● TASK
Copy out the lines of the records below, and only those lines, from the one with "Elementos policiacos peruanos" through the one with "Mapa Político Detallada", exactly as they appear.

--- MATERIAL SUPPLIED Enclosed Below ---

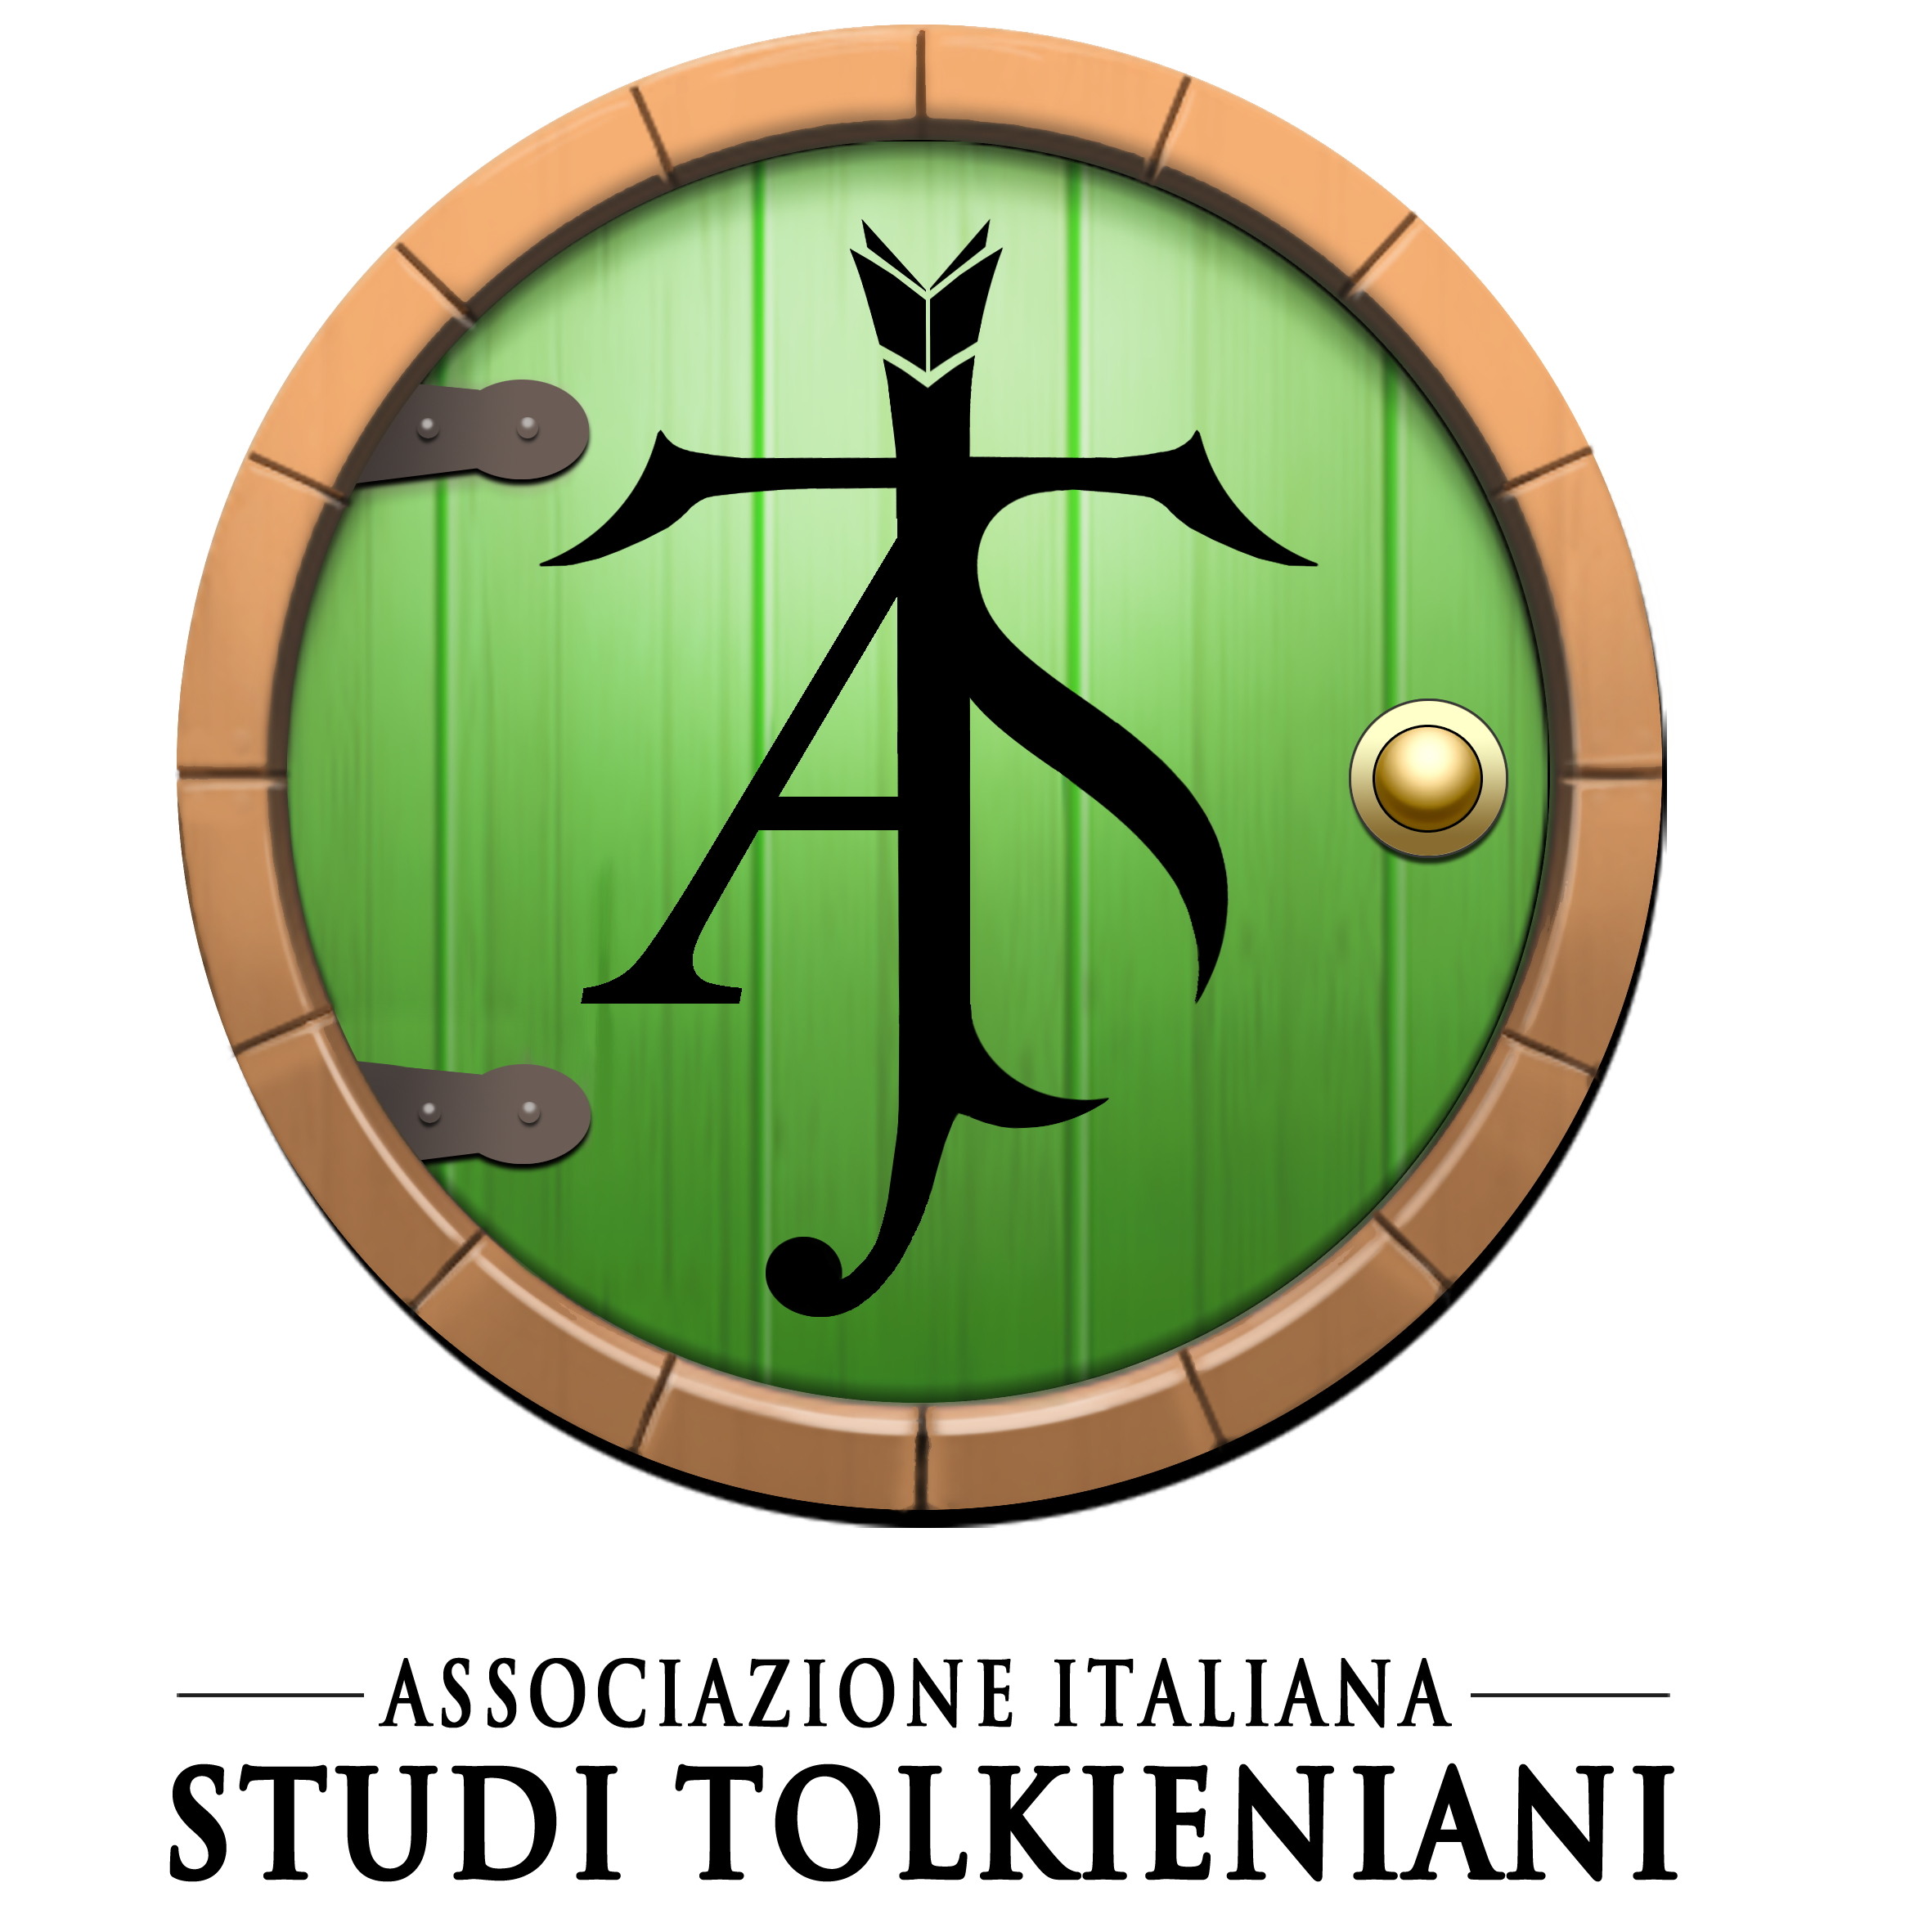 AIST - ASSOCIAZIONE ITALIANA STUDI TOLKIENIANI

--- End of Enclosed MATERIAL SUPPLIED ---
--- MATERIAL SUPPLIED Enclosed Below ---

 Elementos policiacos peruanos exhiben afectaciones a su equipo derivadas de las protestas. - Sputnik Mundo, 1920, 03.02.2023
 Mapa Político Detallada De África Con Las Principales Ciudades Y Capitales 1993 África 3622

--- End of Enclosed MATERIAL SUPPLIED ---

● REPLY TO THE TASK
 Elementos policiacos peruanos exhiben afectaciones a su equipo derivadas de las protestas. - Sputnik Mundo, 1920, 03.02.2023
 Mapa Político Detallada De África Con Las Principales Ciudades Y Capitales 1993 África 3622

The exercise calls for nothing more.